I have an '02 spec V and ever since ive had it, it never started right up every time. I figured it was the battery and then i left my lights on for about 5 hours but luckly i made it home only for it to not start worth a damn right before i had to go to work. I changed the battery and still nothing. Towed it down to nissan for warranty and got a new starter so now it starts but sometimes it takes a while. The starter seems to crank fine but the engine doesn't fire up for about 10 seconds sometimes...anyone know what it might be?...ECU, plugs...?


----------



## 1YellowSpecV (Dec 12, 2002)

Any SES light? Could be anything.


----------



## 7SPEED (Mar 24, 2003)

1YellowSpecV said:


> Any SES light? Could be anything.


Look up top for the sticky about crank angle sensor recall. That may be it. 

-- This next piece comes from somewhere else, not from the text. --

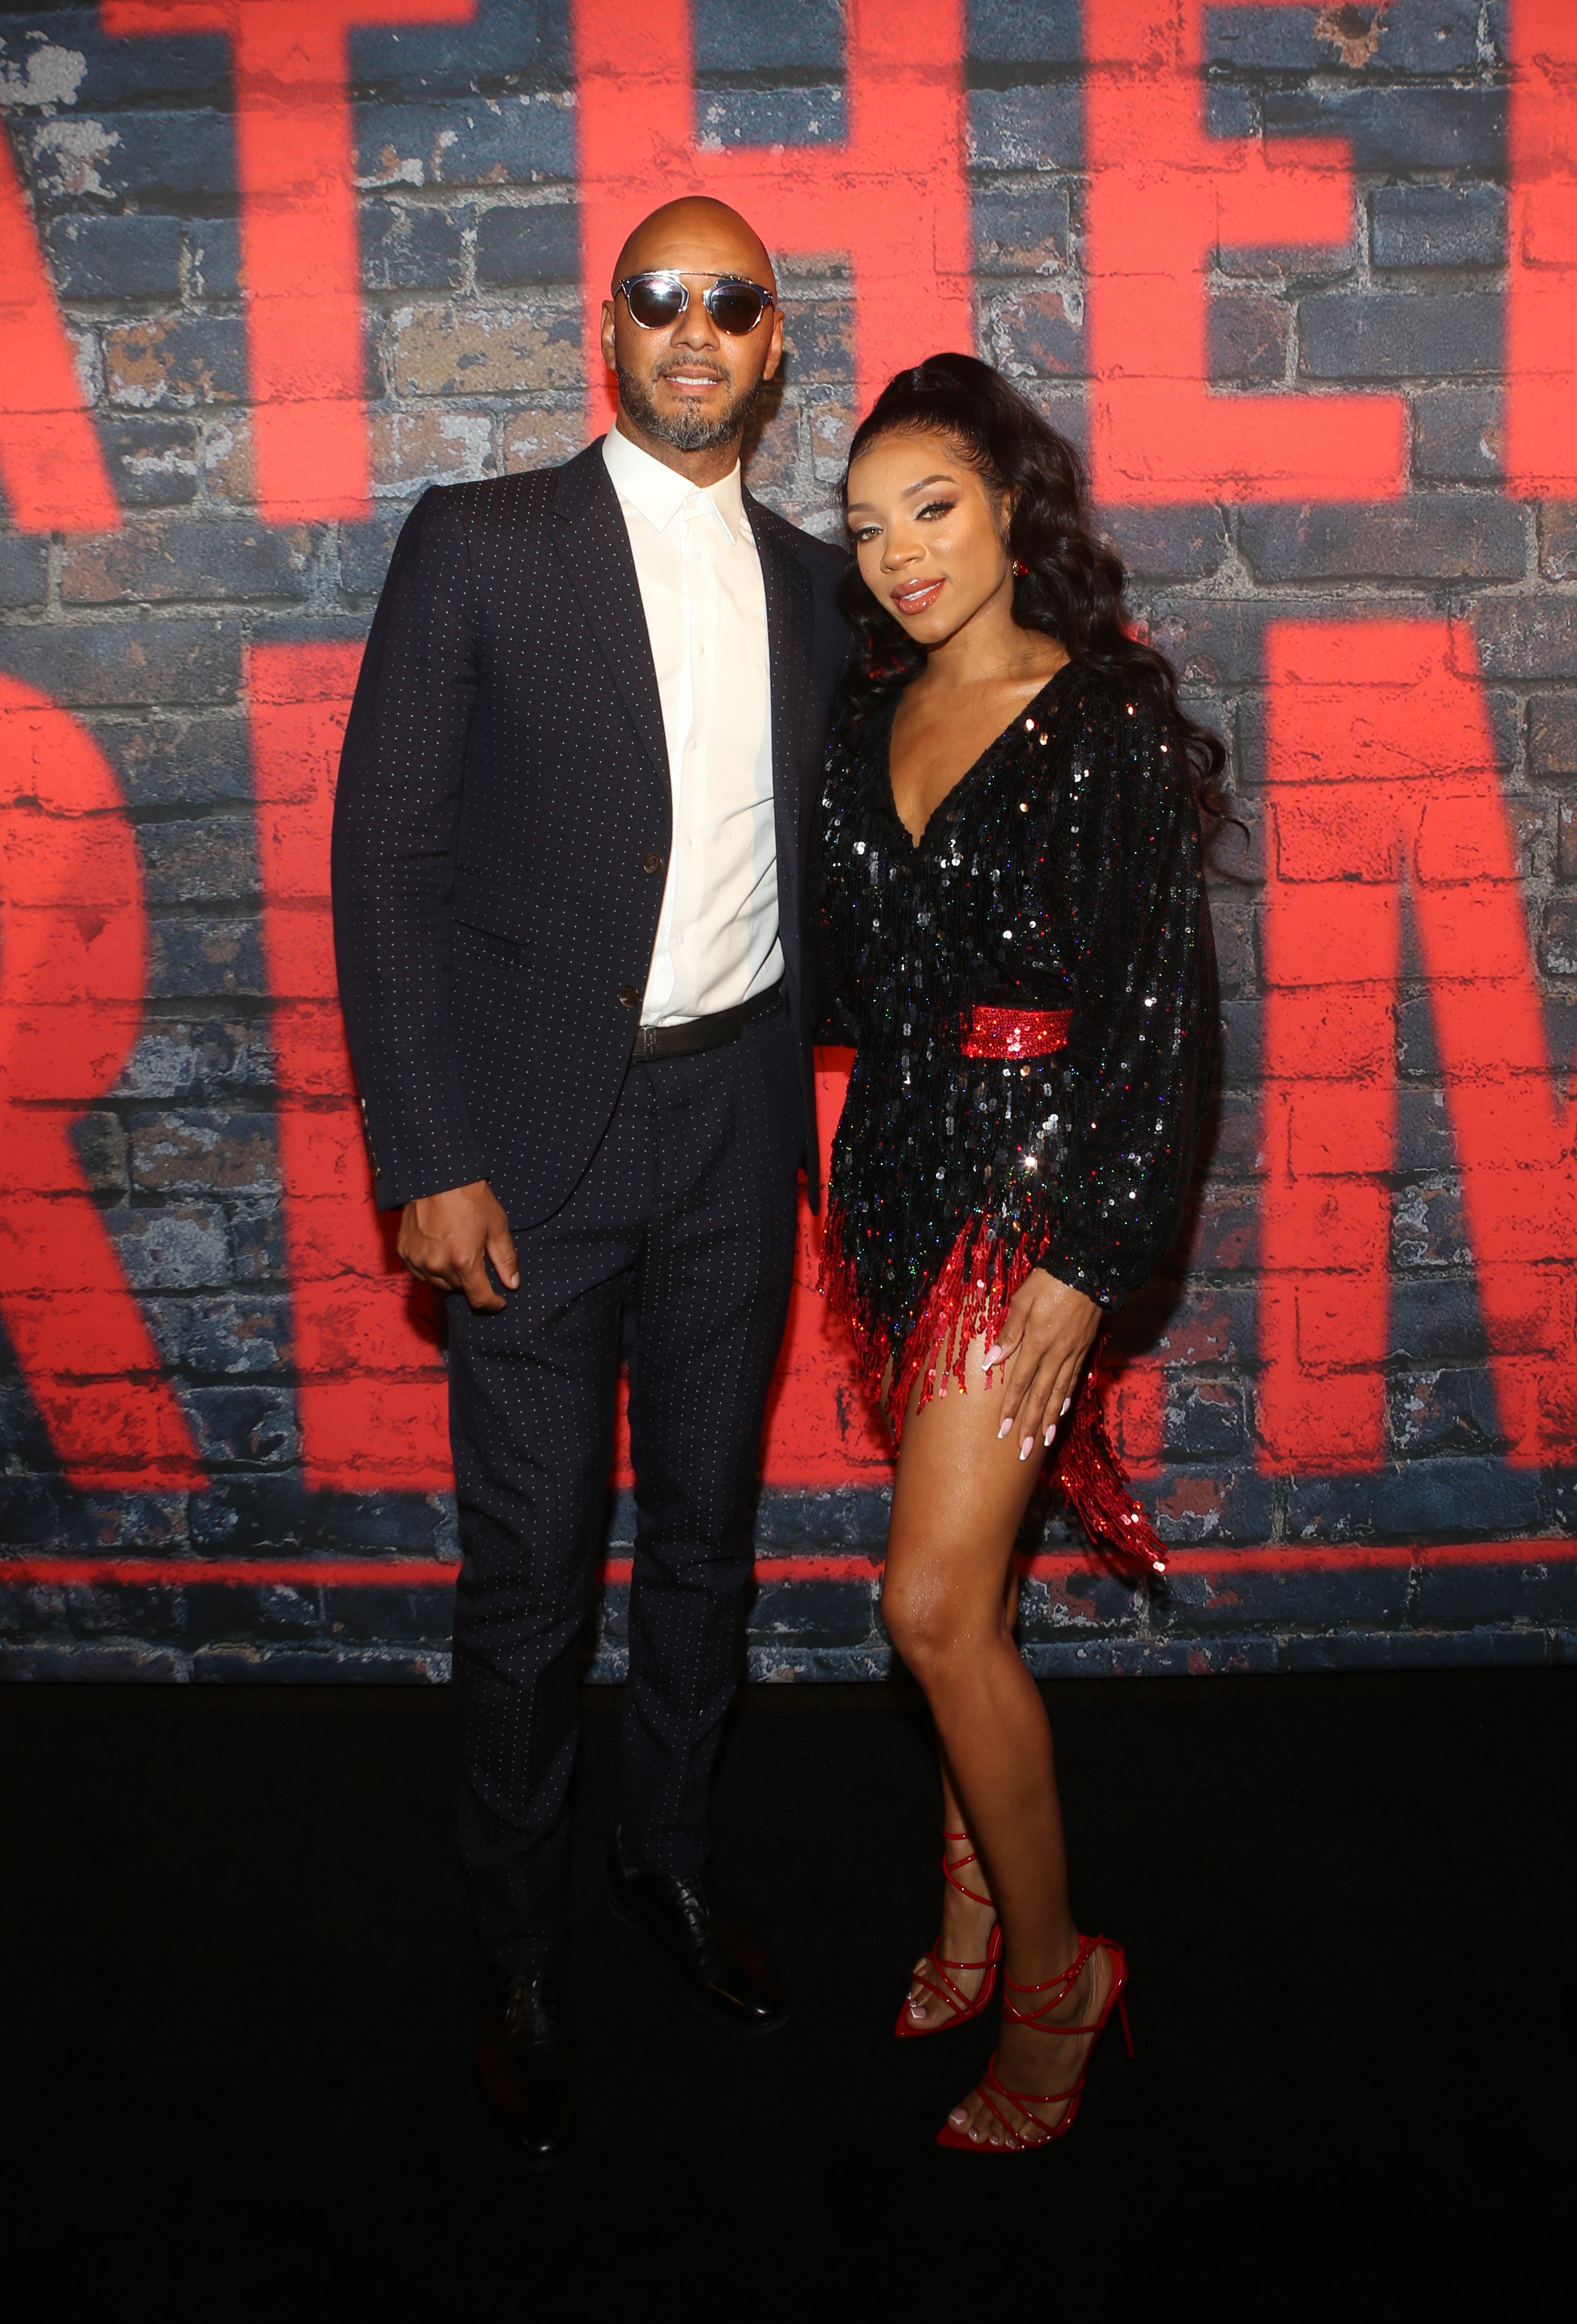 Swizz Beatz and Lil Mama at the Godfather Of Harlem Screening at the Apollo
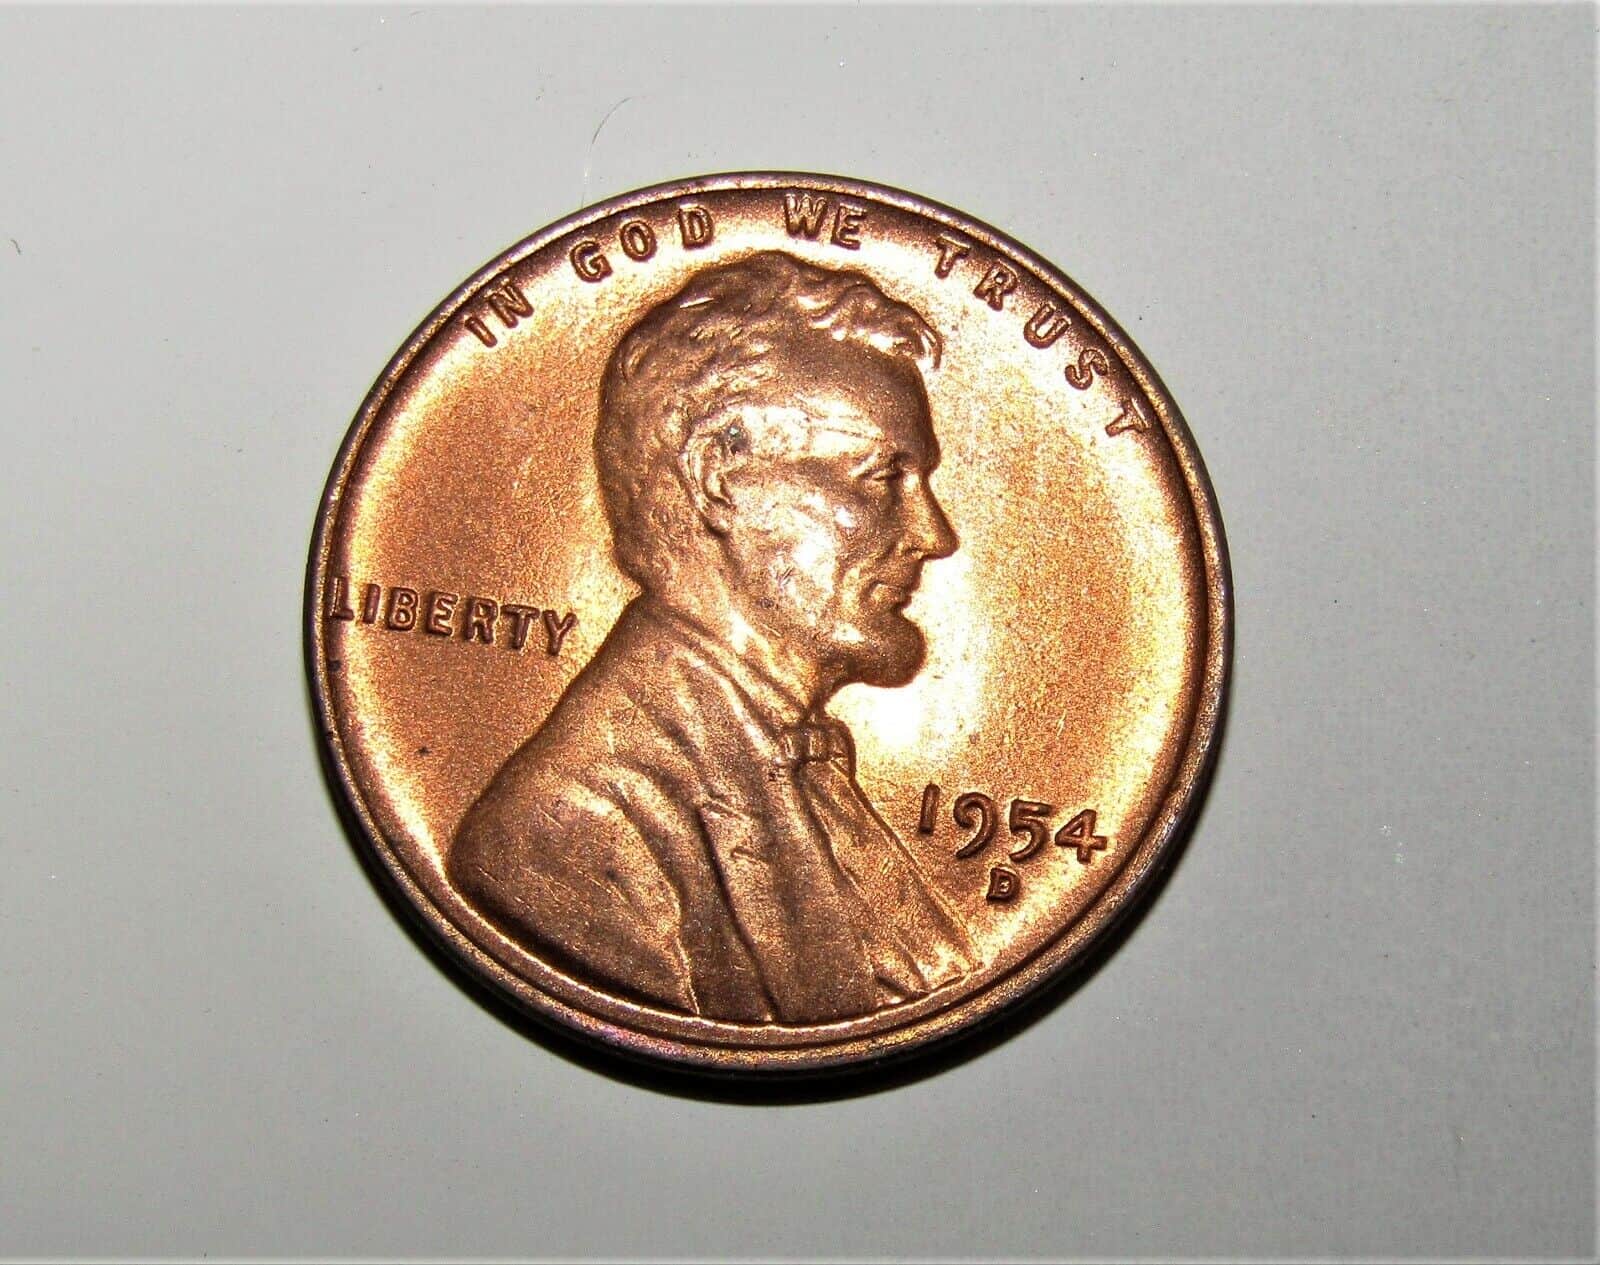 1954 Wheat Penny Repunched Mint Mark

My car does that every once in a while when it is hot outside. 

U might also wanna try turning the key to ACC, holding it there maybe 5 sec and then start it up. See if that helps it start up right away. :cheers:


----------



## nissanpirate (Dec 20, 2003)

ok thanks


----------



## nhblk03ser (Jan 7, 2003)

Theres a pending recall for the cold start problem.


----------



## BlackoutSpecV (May 8, 2002)

7SPEED said:


> U might also wanna try turning the key to ACC, holding it there maybe 5 sec and then start it up. See if that helps it start up right away. :cheers:


I cant stress enought how much you need to do this, cold or hot, the fuel pump needs a few seconds to deliver the fuel to the engine.


----------



## nissanpirate (Dec 20, 2003)

BlackoutSpecV said:


> I cant stress enought how much you need to do this, cold or hot, the fuel pump needs a few seconds to deliver the fuel to the engine.


thanks for the advice


----------